Arshavir Blackwell, PhD: That difference can determine whether the business keeps its license. In the seahorse case, tracing how “sea”-related and “horse”-related features compete inside the model’s hidden state tells you exactly where the error emerges—and gives you a chance to fix it upstream.
Arshavir Blackwell, PhD: Sparse autoencoders push this even further. They compress messy, distributed representations into something more circuit-like—something you can actually point to and say, “Here’s where it went wrong.”
Arshavir Blackwell, PhD: The features you find aren’t always intuitive. Some activate for Hebrew text. Others fire only on DNA sequences. The point isn’t that they’re human-readable. The point is that they’re inspectable.
Arshavir Blackwell, PhD: Interpretability has moved from a hopeful aspiration to a concrete set of tools for examining the scaffolding. We’re still early—but the progress is real.
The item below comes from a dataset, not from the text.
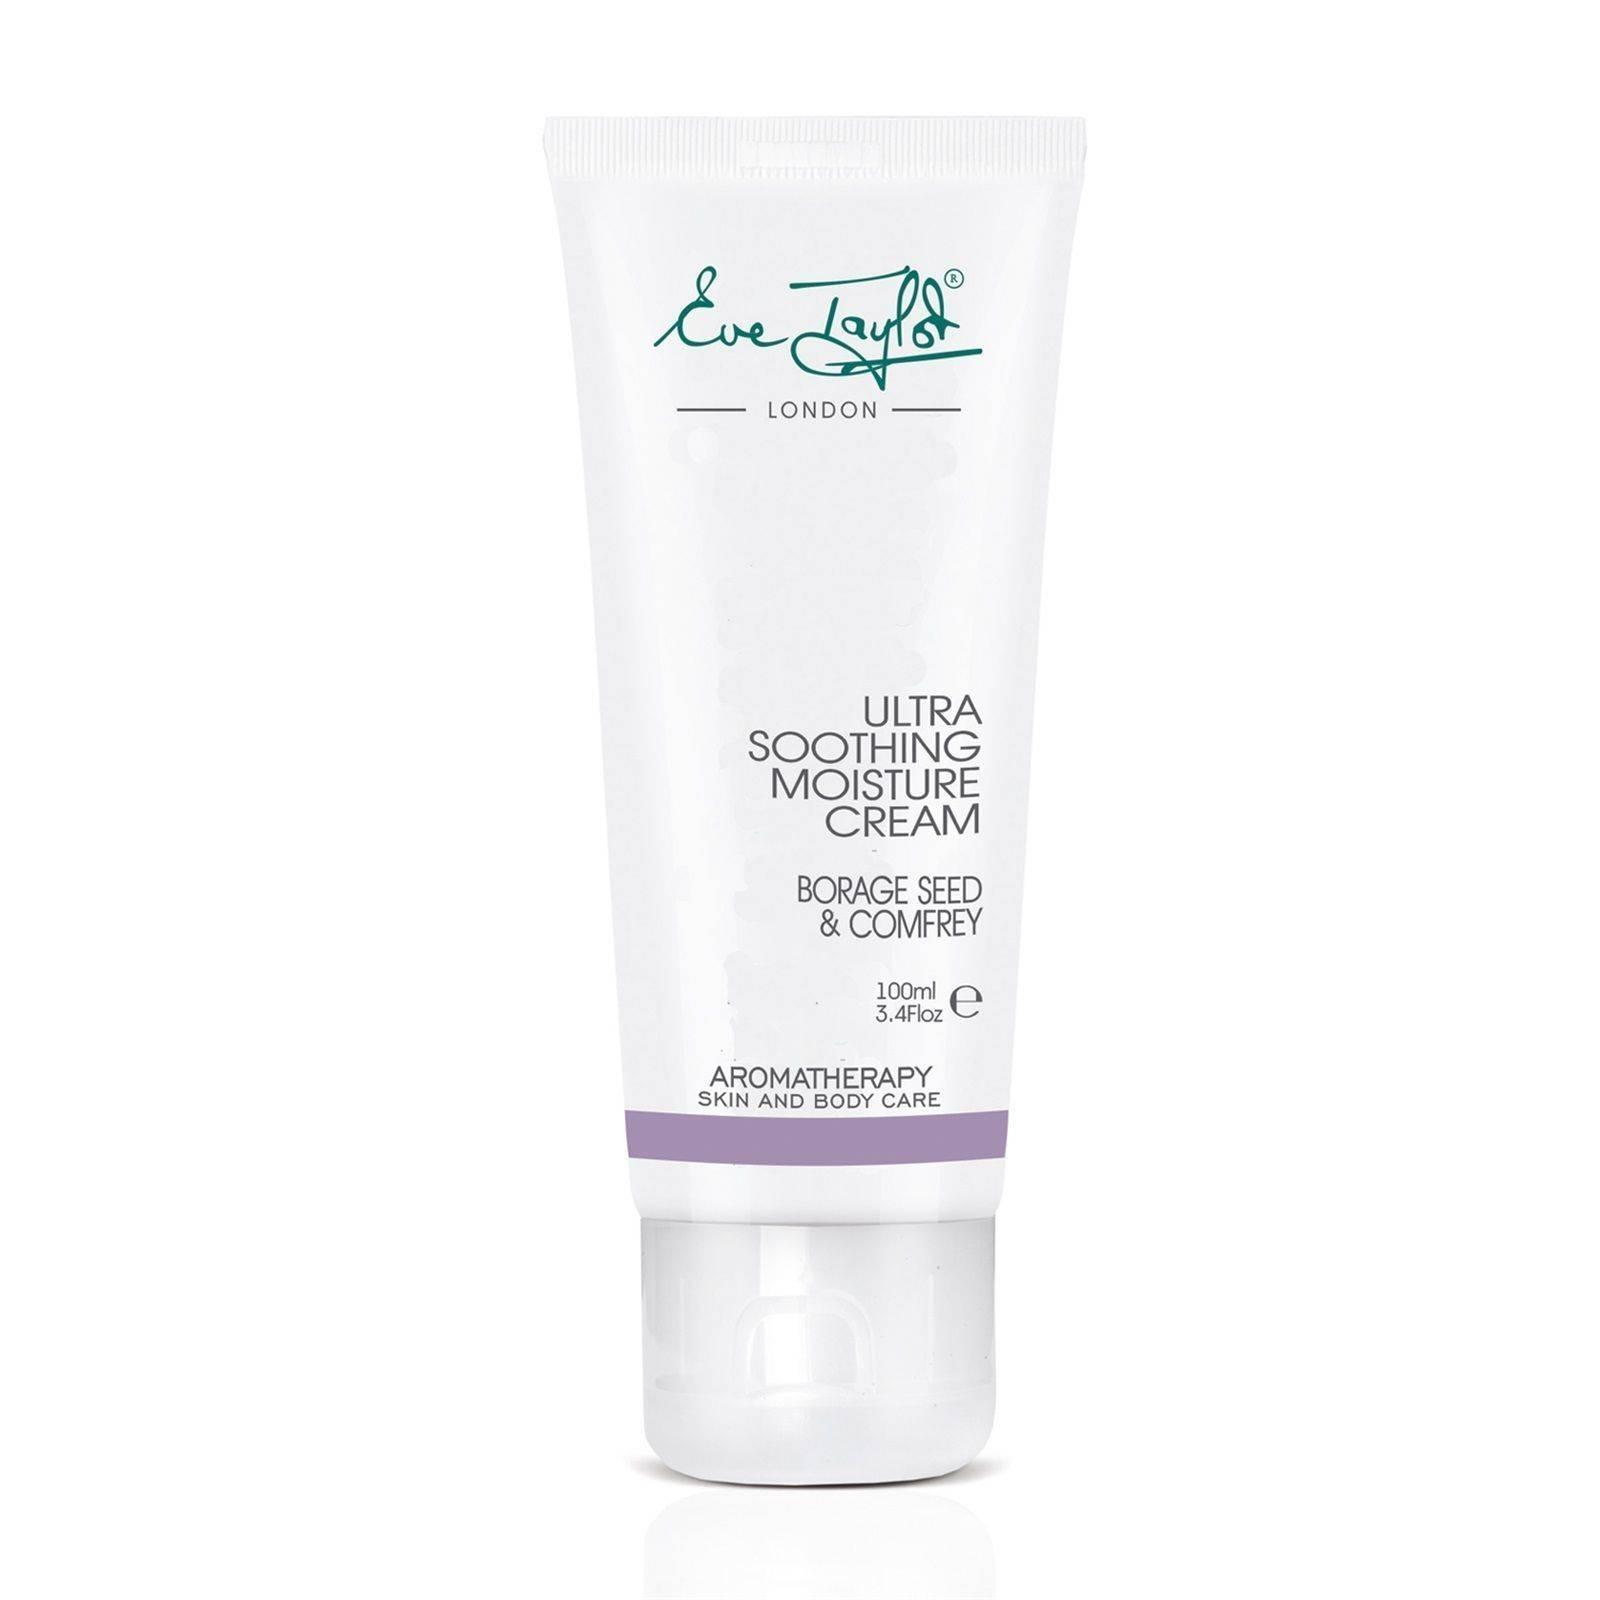 Ultra Soothing Moisture Cream 100ml

Arshavir Blackwell, PhD: Let’s step back. Why do illusions like the seahorse mirage happen at all—in machines and in us? The answer is efficiency.
Arshavir Blackwell, PhD: Both brains and models compress information to survive scale. We don’t store the world verbatim. We reconstruct it from fragments. Hallucinations aren’t random glitches. They’re side effects of useful shortcuts.
Arshavir Blackwell, PhD: Human memory works the same way. We chunk pieces—sea, horse, animal—into composites. Shared illusions emerge because we’re built to reconstruct, not to archive perfectly. That’s why the Mandela effect exists.
Arshavir Blackwell, PhD: And that’s why models hallucinate birthdays, citations, Unicode characters—whatever fills a statistical gap in their world model.
Arshavir Blackwell, PhD: So how do we address it? Some systems use retrieval—checking facts against an external source before answering. Others use interpretability tools to locate and weaken spurious internal associations. And better training objectives can reward intellectual honesty over confident guessing.
Arshavir Blackwell, PhD: But there’s a deeper question underneath all of this. If both minds and machines hallucinate—if both fall for the same kinds of illusions—what does that tell us about intelligence itself?
Arshavir Blackwell, PhD: Is being smart inherently tangled up with making smart mistakes? Next time your AI insists it’s seen something no human can find, consider this: did it really lie? Or is it doing what we do—dreaming fragments into wholes, trying to make the world feel coherent? I’m Arshavir Blackwell, and this is Inside the Black Box.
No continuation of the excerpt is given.